## Your instructions
All of the listing should be output exactly, apart from the pictures.

## Exercise data
────────

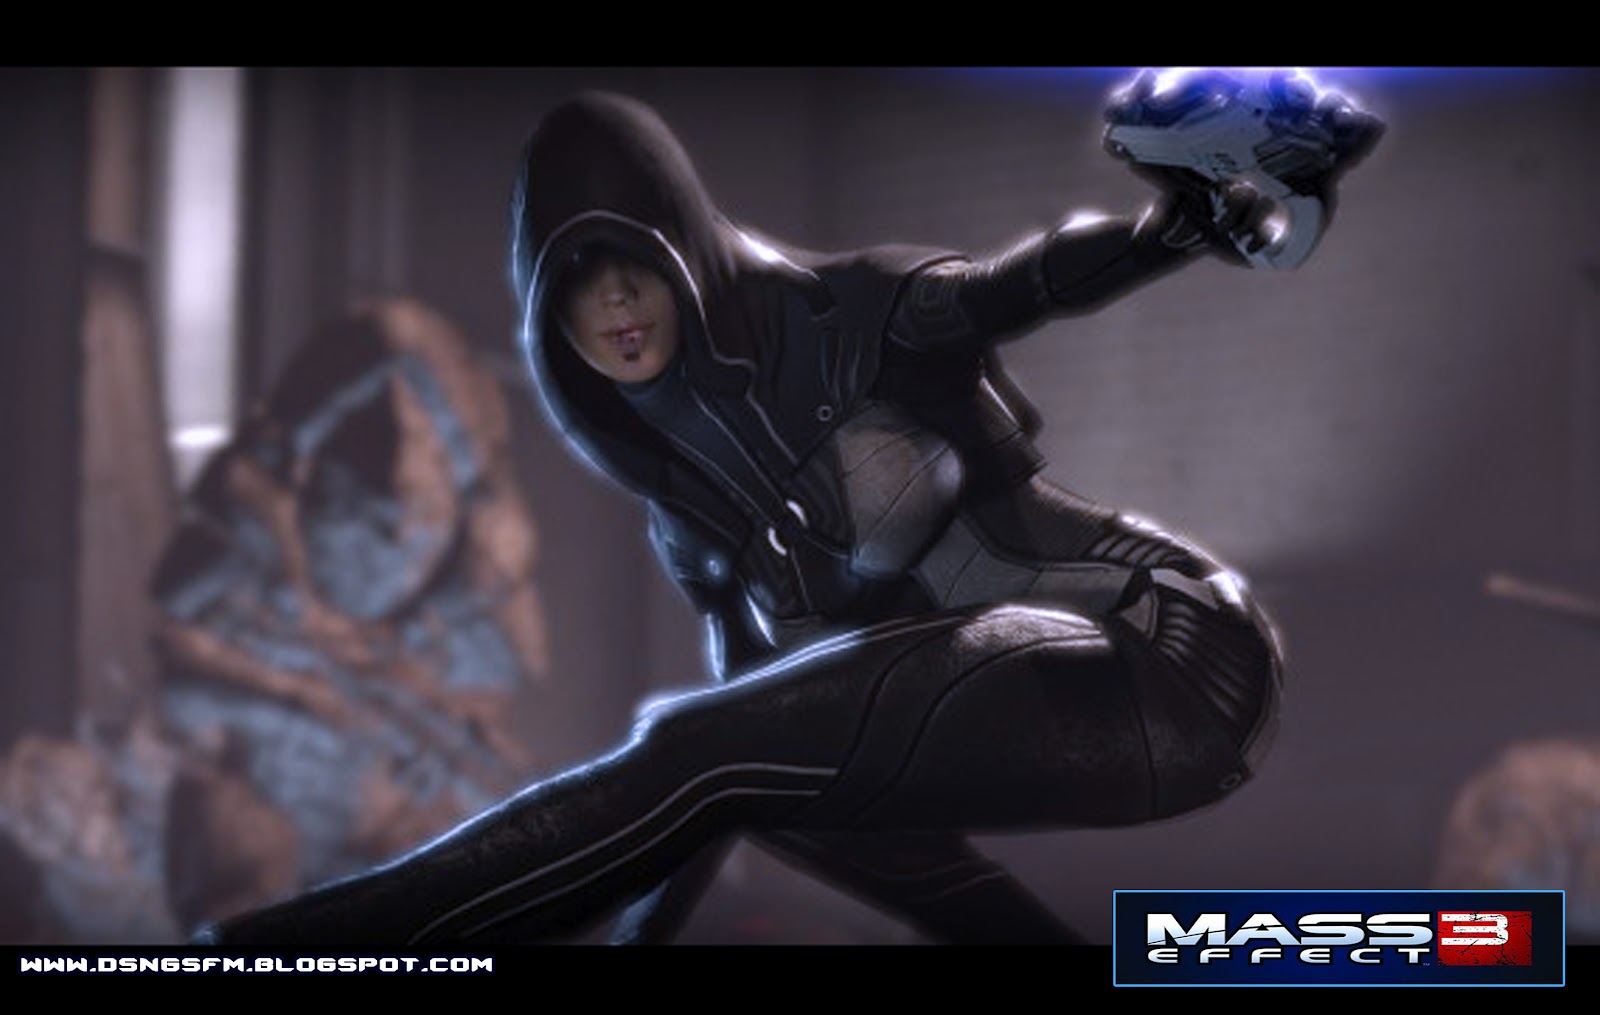 Mass Effect Kasumi Wallpaper Dlc Female Assassin Ninja Space
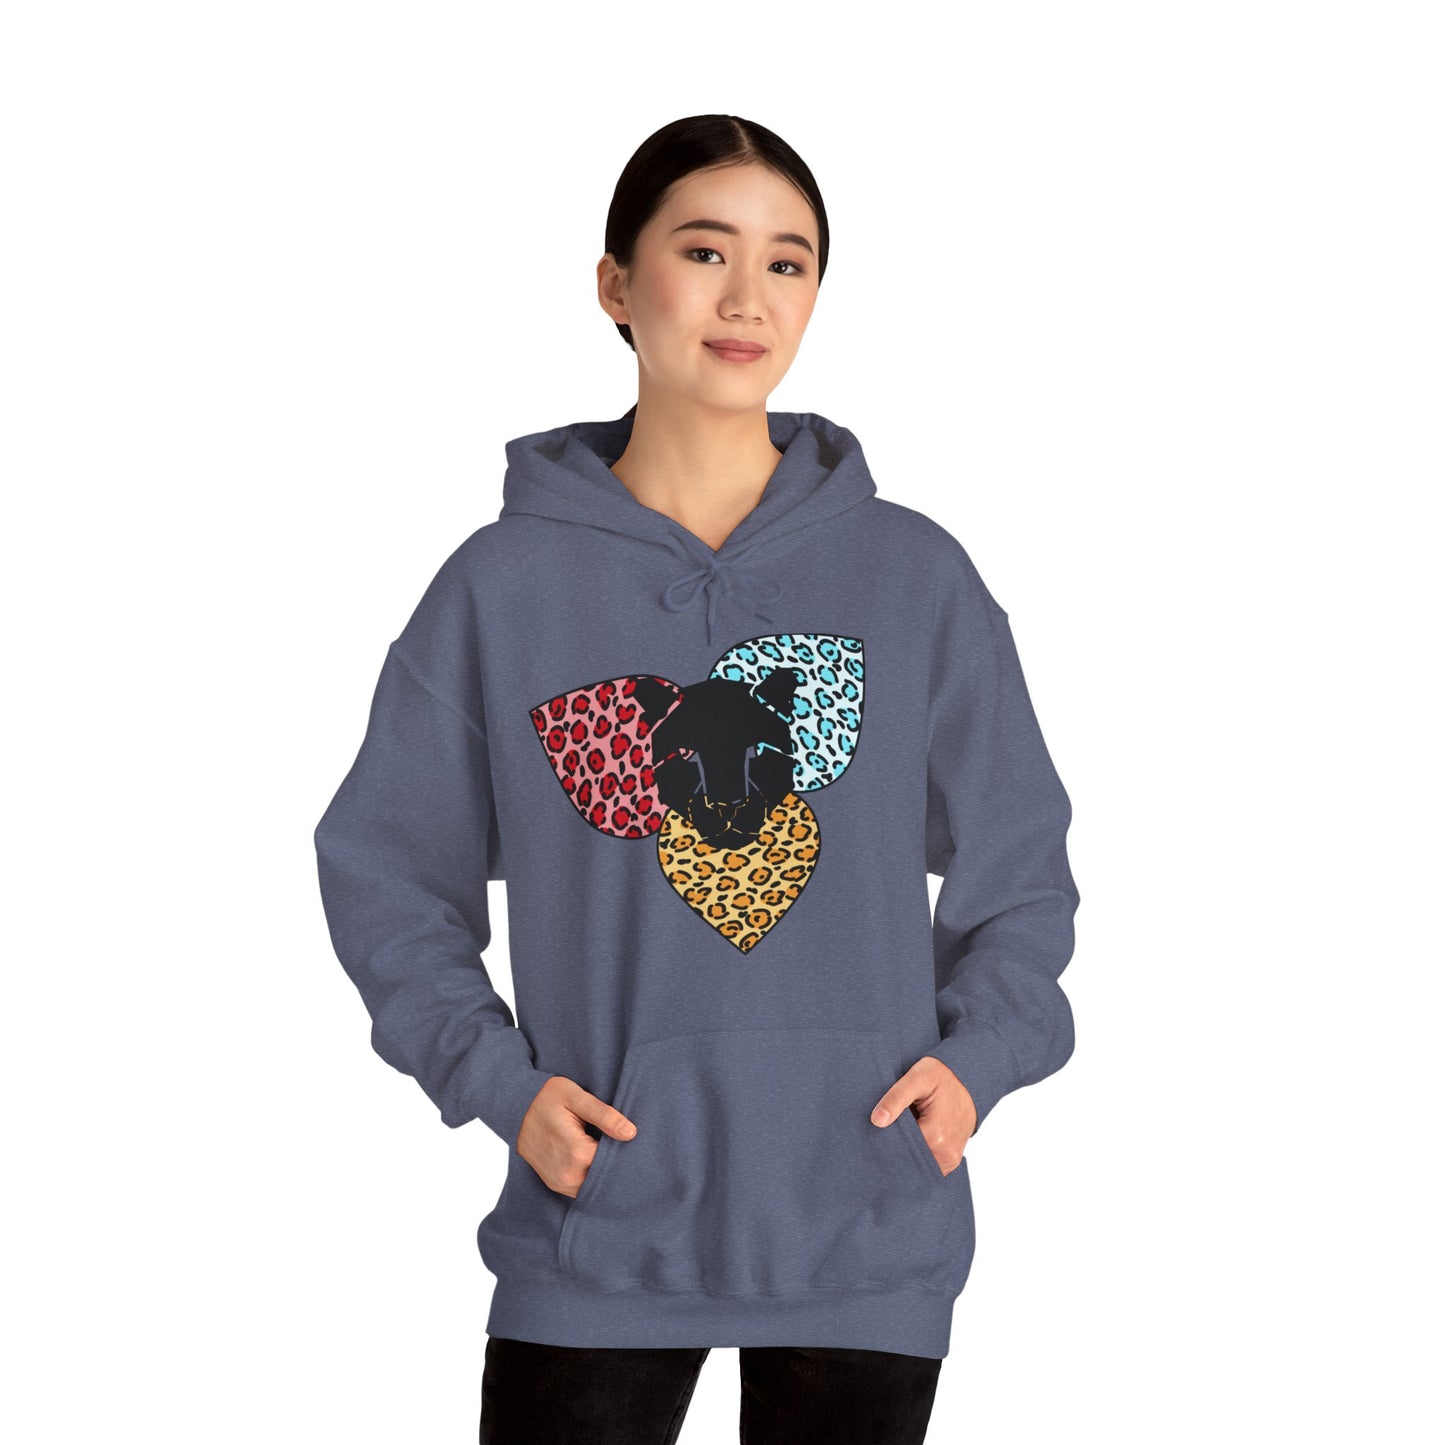 Leopard head on a leopard heart design Heavy Blend Hooded Sweatshirt
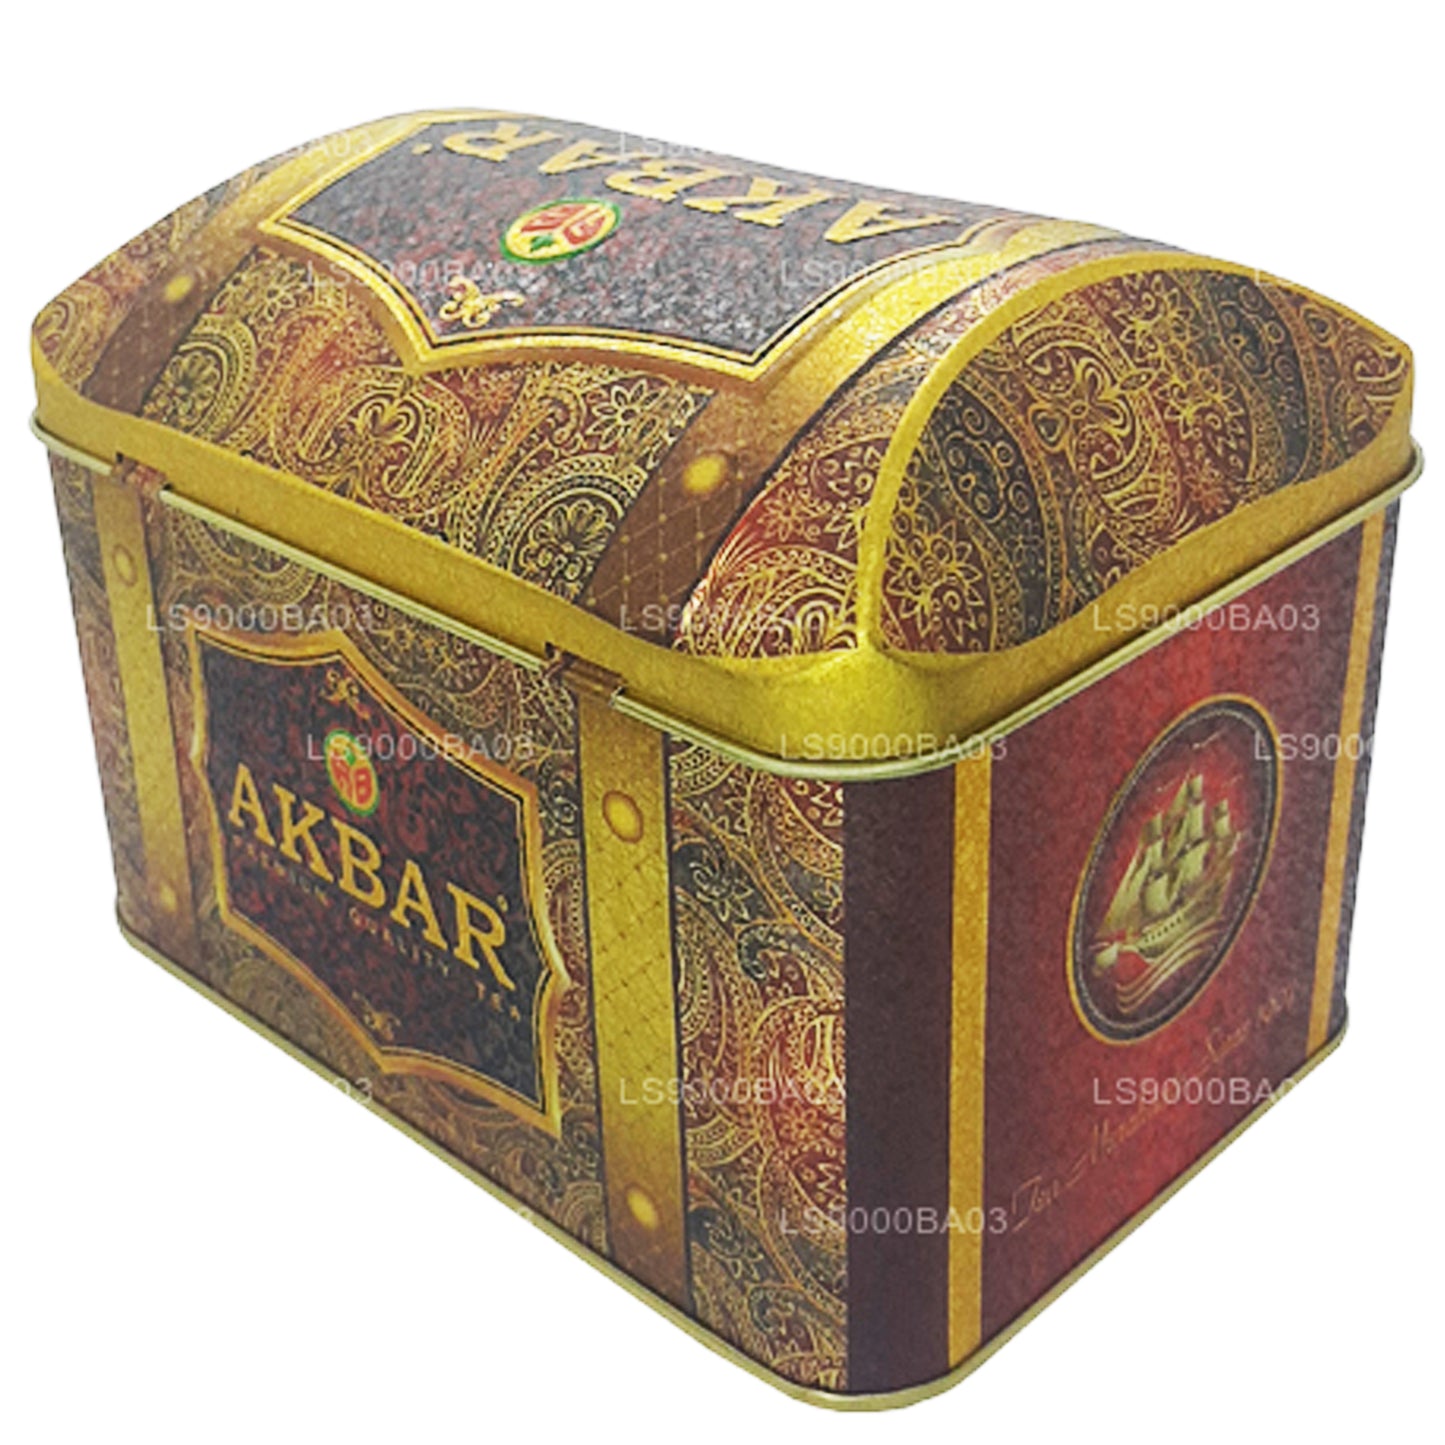 Коробка сокровищ Akbar Эксклюзивная коллекция Клубничный крем (250 г)

────────

## Answer space
 Mass Effect Kasumi Wallpaper Dlc Female Assassin Ninja Space
 Leopard head on a leopard heart design Heavy Blend Hooded Sweatshirt
 Коробка сокровищ Akbar Эксклюзивная коллекция Клубничный крем (250 г)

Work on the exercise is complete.